Несколько раз Спартак посылал свои отряды гладиаторов вниз с горы — в цветущие поместья богачей, и товарищи возвращались с мулами и ослами, навьюченными хлебом, плодами и другою едой.
Он отправил также тайных гонцов в большие гладиаторские школы Италии, где томились в ожидании позорной смерти на арене цирка тысячи пленных.
Спартак всех призывал к восстанию для борьбы с жестоким Римом.
Через несколько дней выход с горы был занят римским отрядом. Это встревоженный сенат выслал три тысячи воинов под начальством опытного командира со строгим приказом: «Разыскать и уничтожить Спартака с его бандой».
Римский военачальник Клодий Пульхр, лежа у костра на пестром ковре, был занят обильным ужином.
— Теперь бунтовщики в моих руках, — объяснял Клодий своим центурионам (сотникам). — Куда может от меня спастись Спартак? Этот грубый гладиатор ловко владеет мечом на арене цирка, но разве он сможет управлять целым войском? Разве благоразумно было взобраться на вершину Везувия, куда ведет только одна тропинка? Мы будем спокойно ждать, пока разбойники начнут подыхать с голоду. Тогда, обессиленные, они сами один за другим спустятся сюда к нам в лапы, и мы будем их хватать, чтобы потом снова показать на арене цирка, где они найдут свою смерть! Они сами притащат мне связанного Спартака! — и Клодий самодовольно поглядывал на лиловую вершину Везувия, которая темными зубцами вырисовывалась на вечернем оранжевом небе.
В это же самое время Спартак и несколько его товарищей обходили обрывистые края горы, выискивая место, где бы можно было им спуститься. Но скалы были отвесны, и всюду виднелись глубокие ущелья, над которыми летали громадные орлы.
— Вот наше спасение! — воскликнул Спартак и приказал всему отряду рубить лозы одичавшего винограда и связывать их вместе ивовыми прутьями.
Вечером и всю ночь при свете костров гладиаторы упорно плели висячую лестницу из гибких длинных ветвей.
Перед рассветом лестница была осторожно спущена в пропасть… На конце лестницы был привязан камень весом более тяжести человека, чтобы испытать ее прочность.
Первым вызвался спуститься маленький Гета. Темная бездна разверзлась под смелым мальчиком. Казалось, лестнице не будет конца; ветер раскачивал неуклюже связанные виноградные лозы.
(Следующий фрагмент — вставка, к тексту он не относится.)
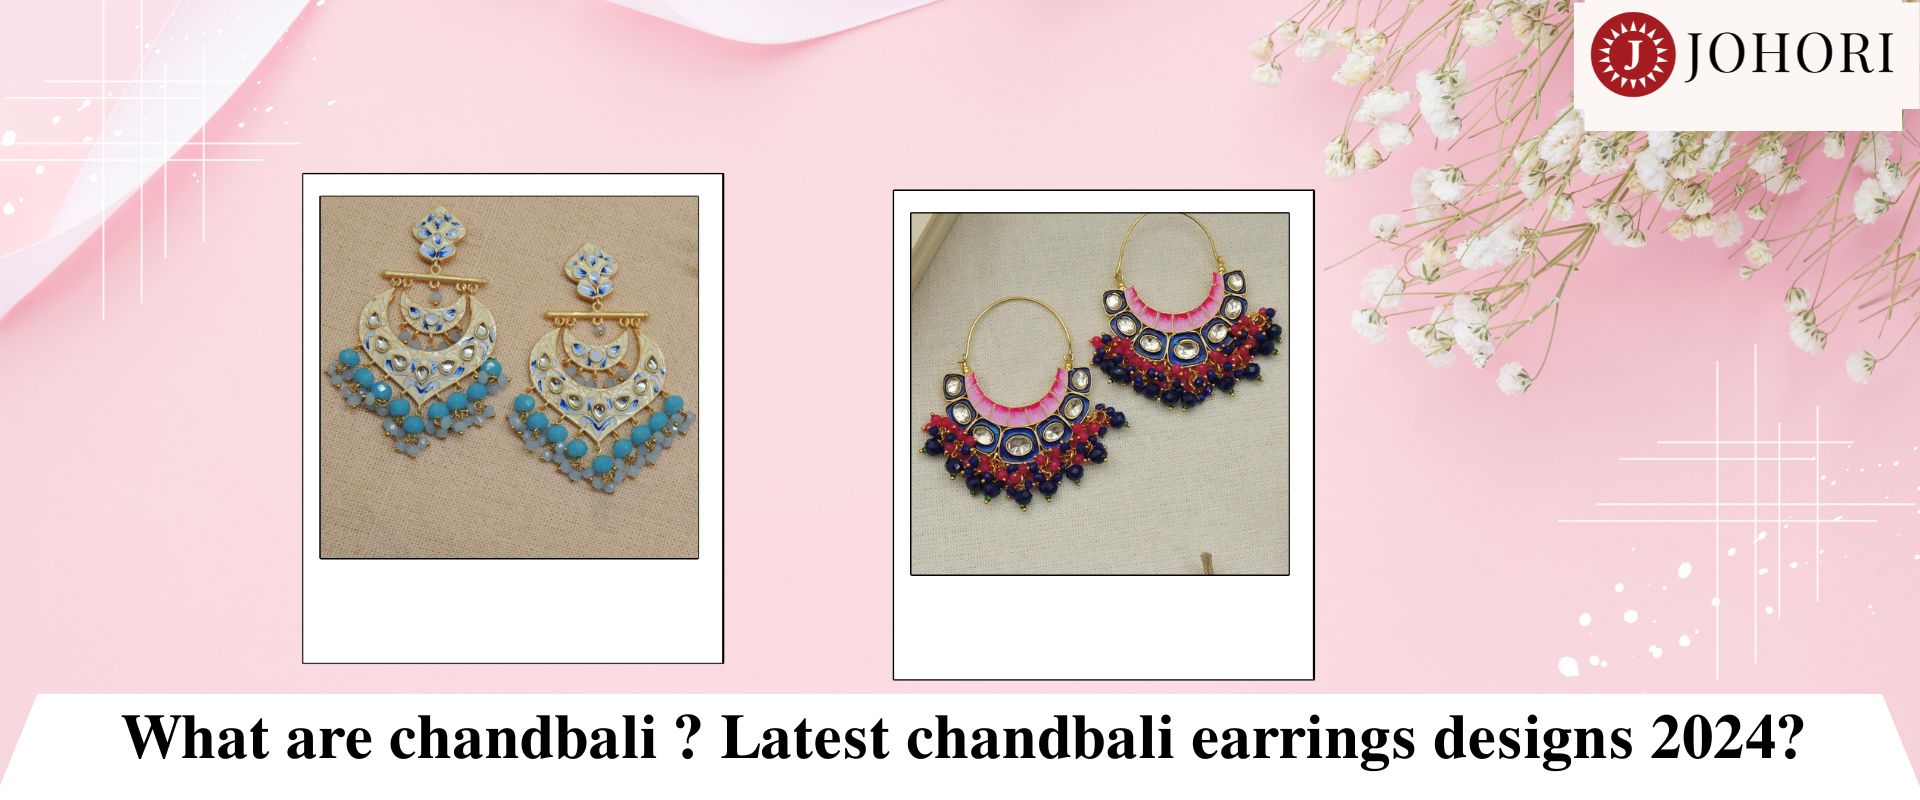 What are chandbali ? Latest chandbali earrings designs 2024?

Наконец Гета достиг дна и свистнул два раза, что означало благополучный спуск.
За ним последовали другие воины. Долго продолжалось это опасное путешествие. Последний сперва спустил на веревке оставшееся оружие. Это был великан Крикс. Лестница тревожно скрипнула под его грузным телом.
Римляне, уверенные в своей безопасности, беззаботно храпели внизу другой стороны горы. Часовые сонно следили за тропинкой, ожидая, что скоро появятся первые перебежчики, измученные голодом.
Вдруг среди ночи часовые подняли тревогу и вызвали начальника Клодия.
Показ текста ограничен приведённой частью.